Open source: refers to a program or application with source code that can be modified by anyone. There are a variety of open source frameworks, like AngularJS and React, open source tools, like Gradle and Jenkins, and open source libraries, like JHipster, that can be used to improve specific software development and deployment processes. In a complex enterprise environment, a DevOps platform can integrate open source tools and streamline them into the delivery pipeline.
Platform as a service (PaaS): cloud-hosted application runtimes, usually billed on a “pay as you go” basis. Customers provide the application code and limited configuration settings, while the middleware, databases, and so on are part of the provided runtime.
Provisioning: the process of preparing new systems for users. In a continuous delivery scenario, this work is typically done by development or test teams. The systems are generally virtualized and instantiated on demand. Configuration of the machines to install operating systems, middleware, and so on is handled by automated system configuration management tools, which also verify that the desired configuration is maintained.
Regression testing: testing of the end-to-end system to verify that changes to an application did not negatively impact existing functionality.
Release management: the process of managing software releases from the development stage to the actual software release itself.
Shifting left: with increasing delivery speed comes increasing security risks and compliance issues across different applications, teams, and environments. Shifting left refers to integrating risk assessment, security testing, and compliance evaluation processes earlier in the delivery pipeline. Doing so makes it cheaper and easier to address potential release delays or failures, security vulnerabilities that threaten production, and IT governance violations that result in expensive fines.
Test-driven development (TDD): a development practice in which small tests to verify the behavior of a piece of code are written before the code itself. The tests initially fail, and the aim of the developer(s) is then to add code to make them succeed.
Unit testing: code-level (i.e., does not require a fully installed end-to-end system to run) testing to verify the behavior of individual pieces of code. Test-driven development makes extensive use of unit tests to describe and verify intended behavior.

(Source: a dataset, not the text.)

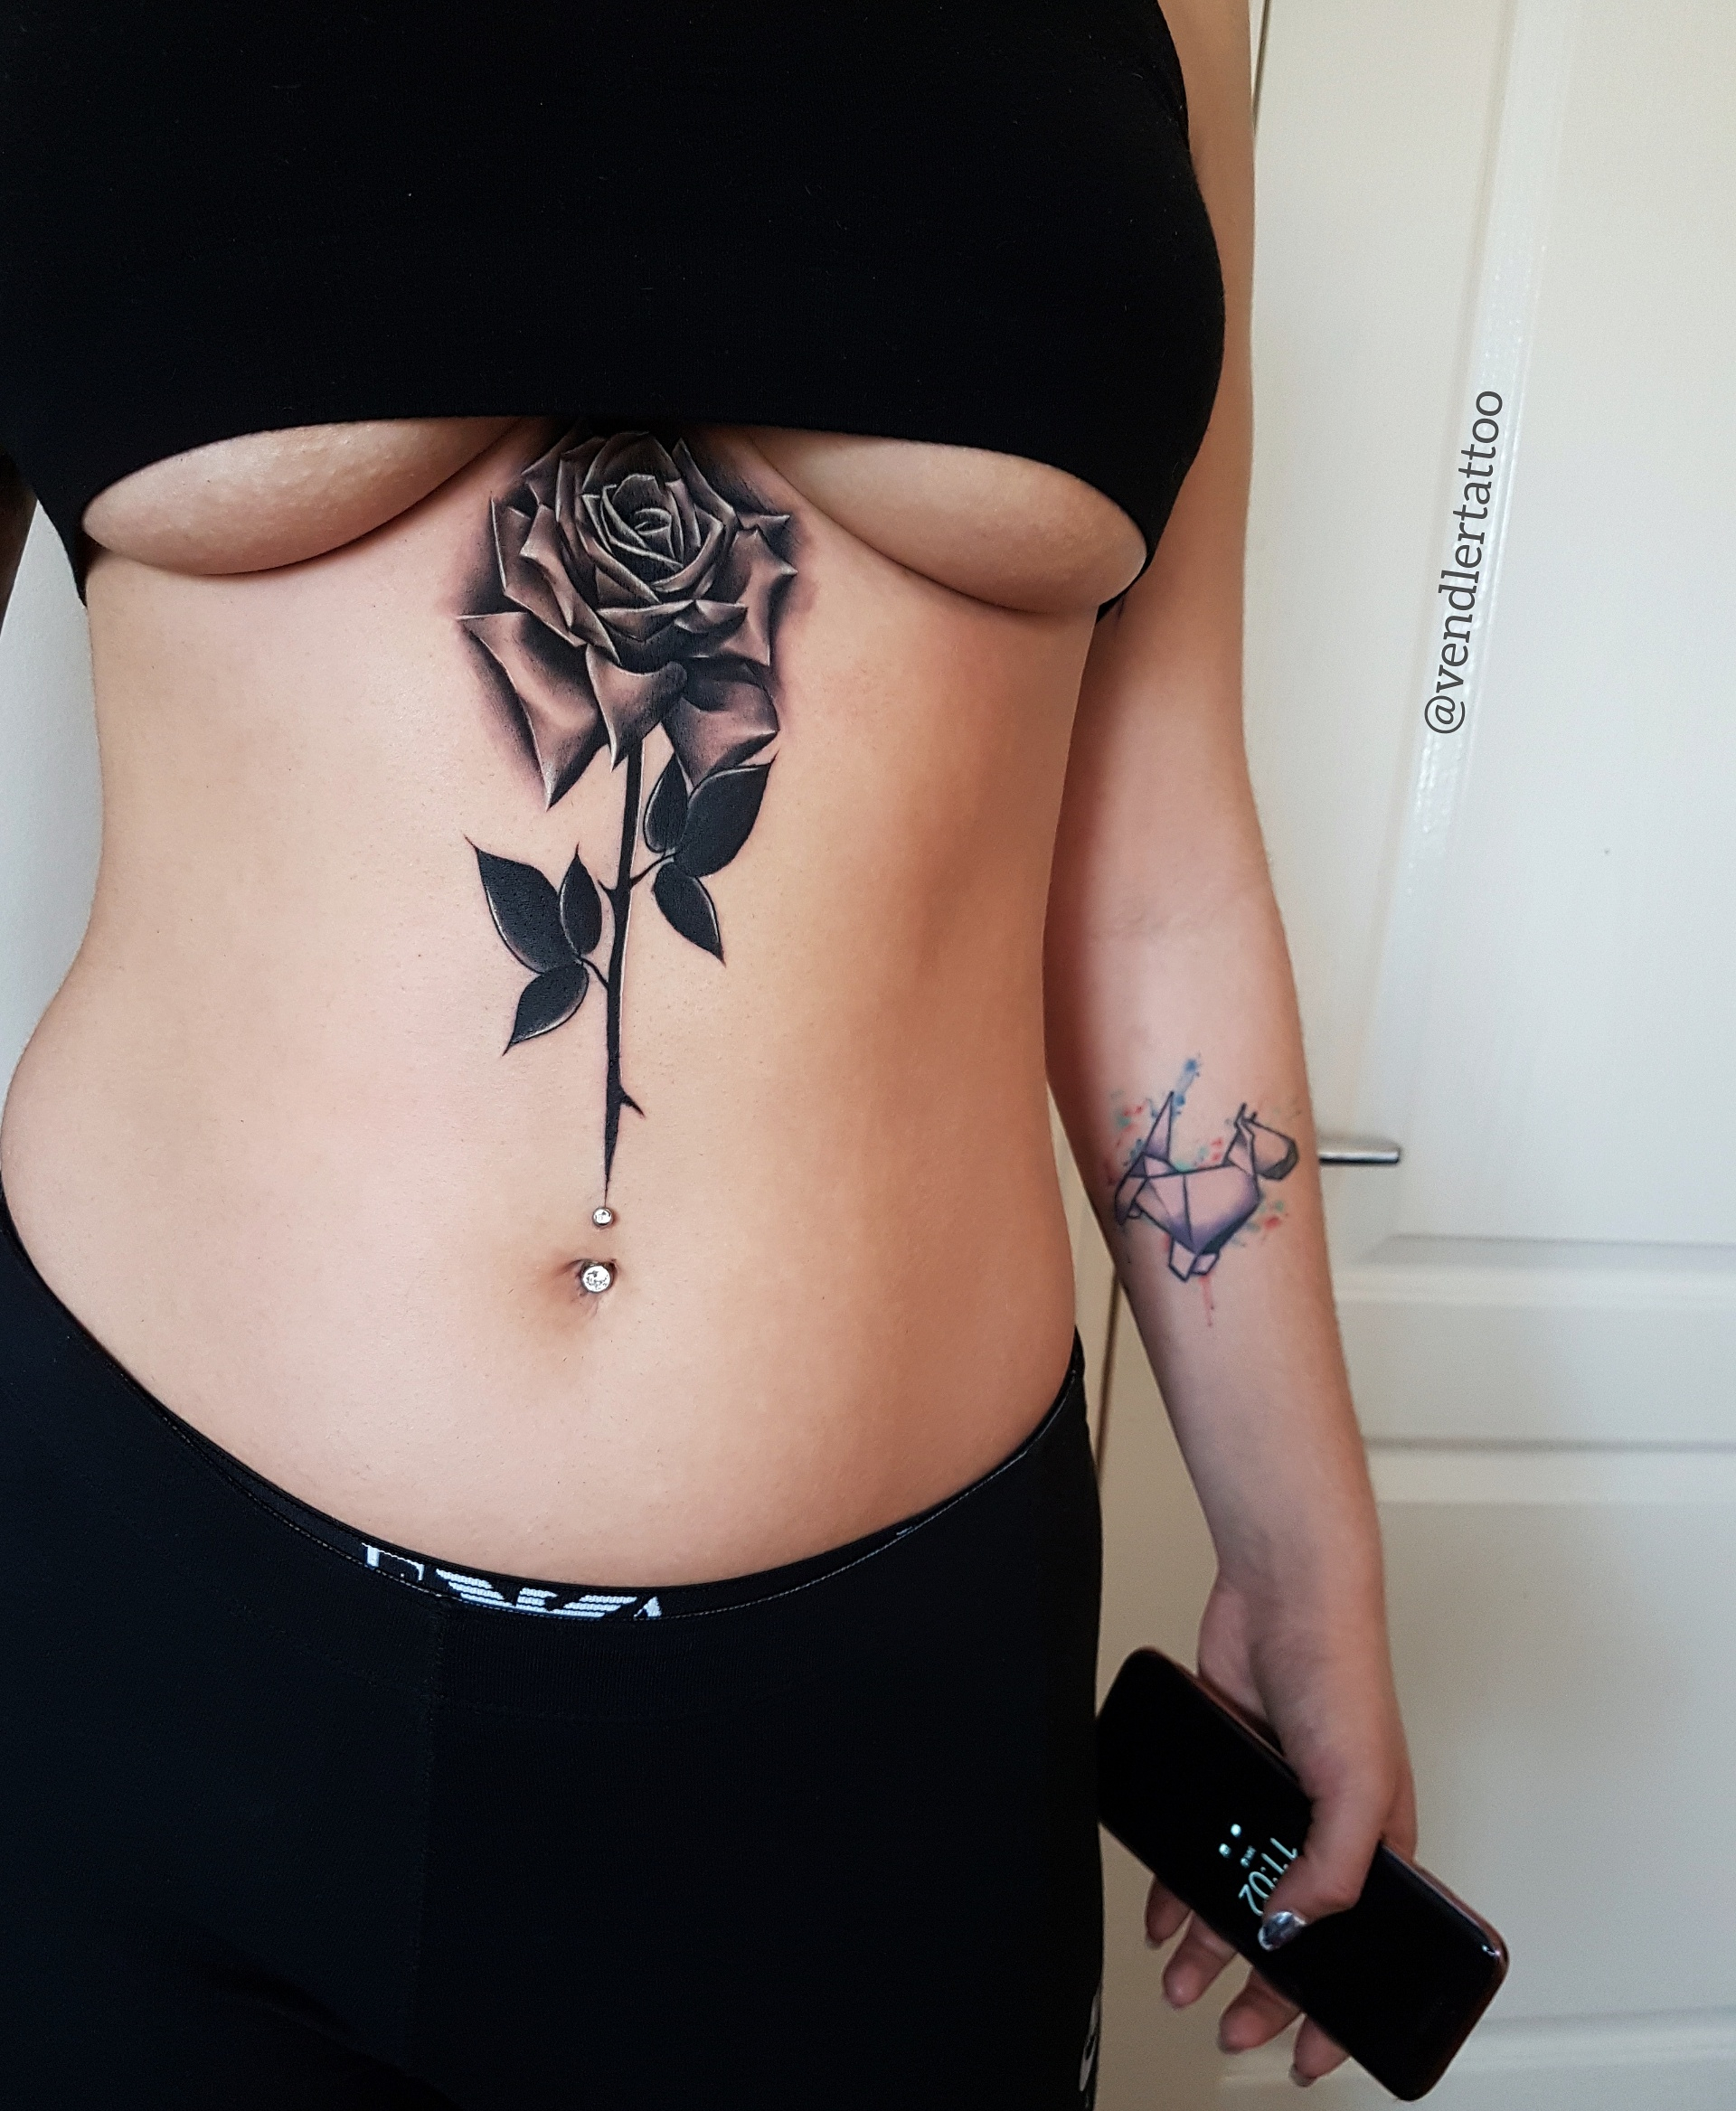 Amazing Chest Tattoos Approved Artists within dimensions 1920 X 2335

Value stream mapping: a process visualization improvement technique used heavily in lean manufacturing and engineering approaches. Value stream maps are used to identify essential process steps vs. “waste” that can be progressively eliminated from the process.
Version control system (VCS): a system that records changes to a file or set of files over time so that you can recall specific versions later. (GitHub, GitLab, Subversion, etc.)
Virtualization: a systems management approach in which users and applications do not use physical machines, but simulated systems running on actual, “real” hardware. Such “virtual machines” can be automatically created, started, stopped, cloned, and discarded in a matter of seconds, giving operations tremendous flexibility.
White box testing: a testing or quality assurance practice that is based on verifying the correct functioning of the internals of a system by examining its (internal) behavior and state as it runs.
Zero tolerance: as in, zero tolerance for failures in production. Customers have zero tolerance for failure. A deployment failure or any kind of service interruption to customer-facing software can have a catastrophic impact on an organization, especially those in highly regulated industries.